In retrospect, Jezebel and Midnight are antithetical in both of the two main story elements: plot and relationship. Midnight is a story of strangers coming together in crisis, forming a bond in this most extreme situation and each having a powerful impact on the other. Quite contrary to Jezebel, the story of friends turning on each other and being driven apart by anger, fear, and selfishness. And while both vignettes are driven by the choice of fleeing or fighting the dangers of the infected, Jezebel’s story is one of danger from without while Midnight’s is one of dangers from within. So while these vignettes both had about the same production scale, run about the same length, and hold a very similar aesthetic, they stand on opposite sides of the spectrum of what happened to the world in the days following Night Zero.

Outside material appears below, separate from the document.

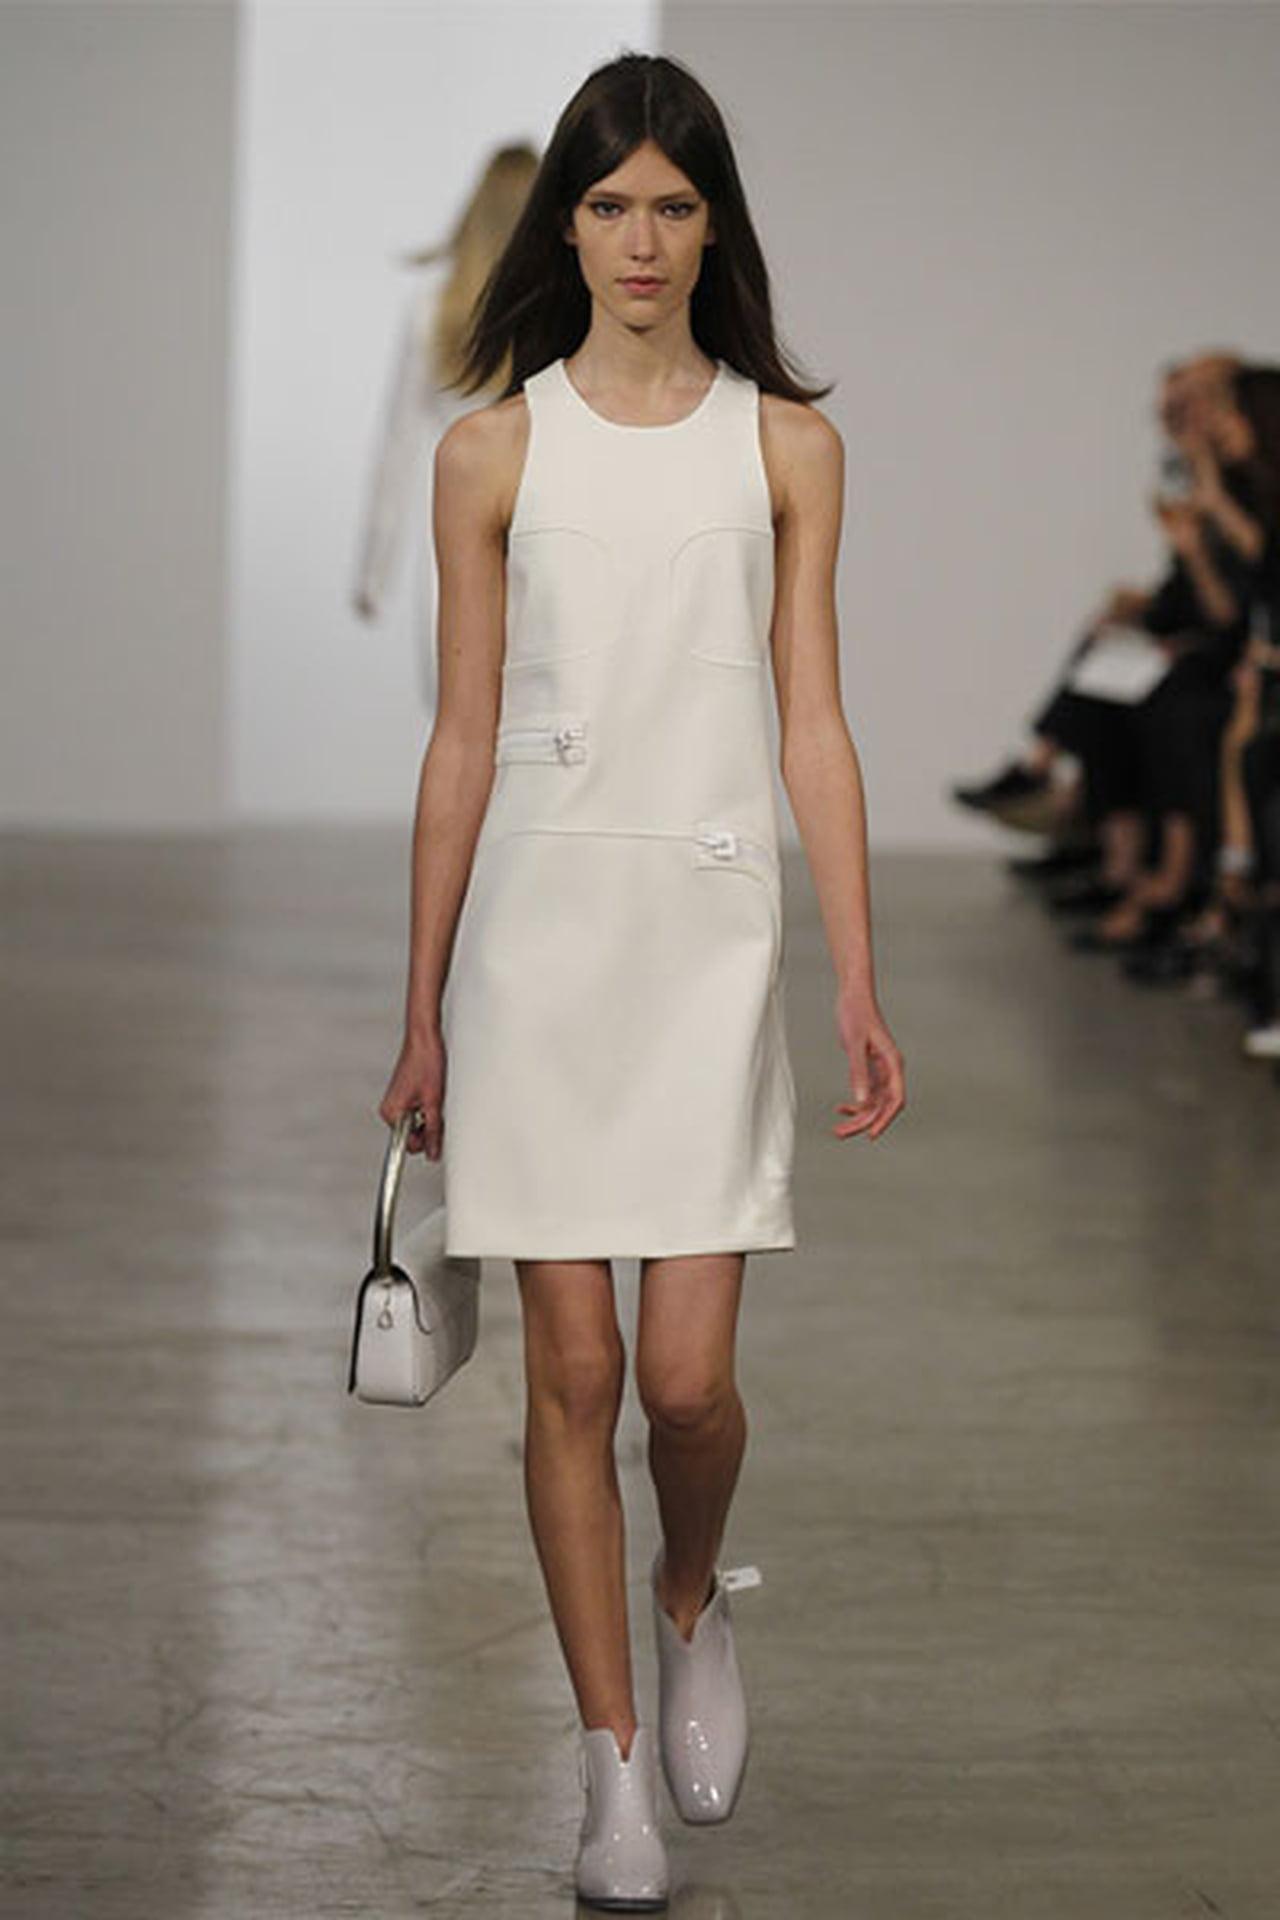 الفساتين القصيرة عنوان الانوثة 827676
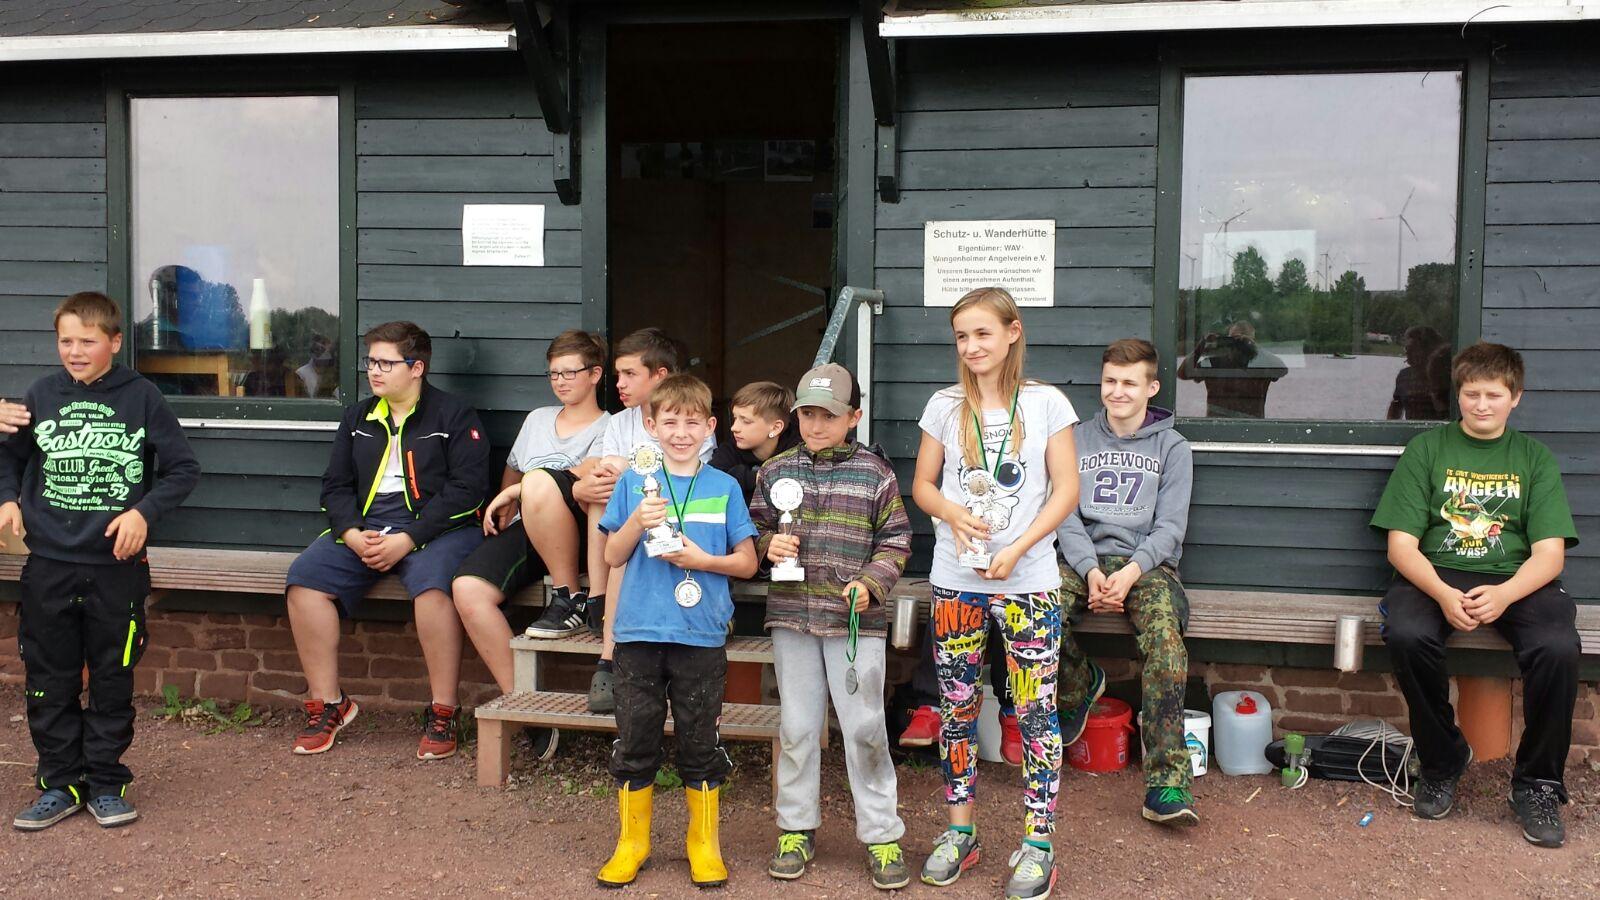 Die kleinen der Jugendgruppe mit ihren Pokalen nach dem Hegefischen.

Which leads to the fantasies of what would happen had it been Jezebel that Drew came across instead? What if Emily had ended up in the garage with Tracy and Clint? Those would be some stories…








Midnight is brilliant.
Not too much text, perfect progression, not too much going on in the individual images, nor “between” them.
Of all the vignettes so far, this really is the best of them.
I thought page 16 was the end, but what a great surprise to see page seventeen! Love the simplicity of the first panel. It added a lot of impact for me.
Also, it’d be cool to be able to comment on the individual pages somewhere.